Tuesday, August 24, 2010

The Toynbee-Herzog Debate


Elder of Ziyon
24 August '10

From Ha'aretz in 2007:

Arnold Toynbee (1889-1975) was an important British historian, who through his controversial theory on civilizations found a place in Israeli and Jewish awareness as an "anti-Semite." According to his theory, civilizations, like human beings, have life cycles that are marked by rises and falls. But the story of the Jewish people, who were determined to survive 2,000 years in the Diaspora only to rise again as a modern nation, did not suit his theory. Thus Toynbee described the Jews as a historic "fossil" - not dead, true, but also not really alive.


When he published his theory at the beginning of the 1960s, he was invited to a debate. The person who invited him was Dr. Yaakov Herzog, at the time Israel's ambassador to Canada, son of the former chief rabbi Yitzhak Herzog and the younger brother of Chaim Herzog, a brilliant scholar and diplomat. Many of Foreign Ministry officials were wary of this debate, which was reminiscent of the mythological word battles in the Middle Ages between Jews and Christians. In the end, however, all those who were present at the debate that took place in January 1961 in Montreal were convinced that Herzog had won.
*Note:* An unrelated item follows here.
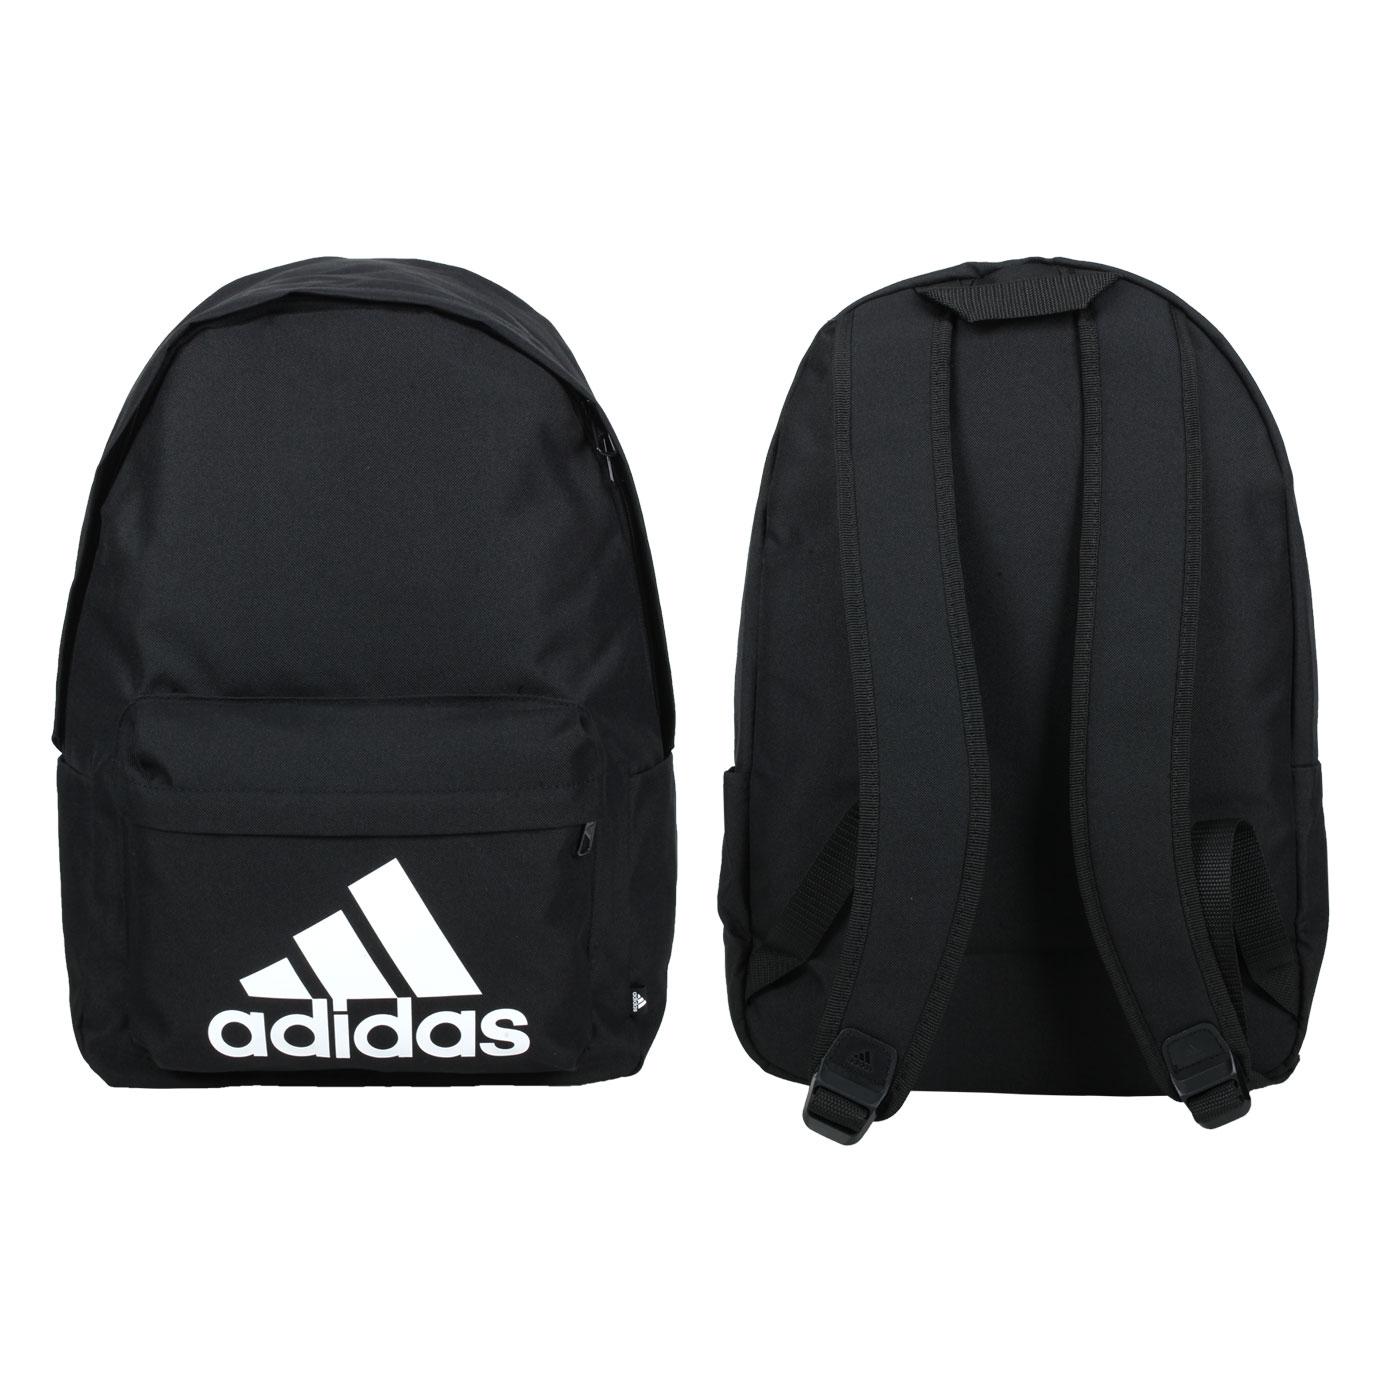 ADIDAS 大型後背包 H34809 - 黑白

An email correspondent brought this to my attention and asked if I could find the transcript of that debate. Well, not quite, but the Canadian Jewish Chronicle summarized the entire debate point-by-point, and even though it occurred nearly forty years ago, Toynbee's criticism of Israel sounds exactly the same as those of today's critics - except that Toynbee actually had some regard for the truth. Herzog's successful counter- arguments apply today as well as they did then.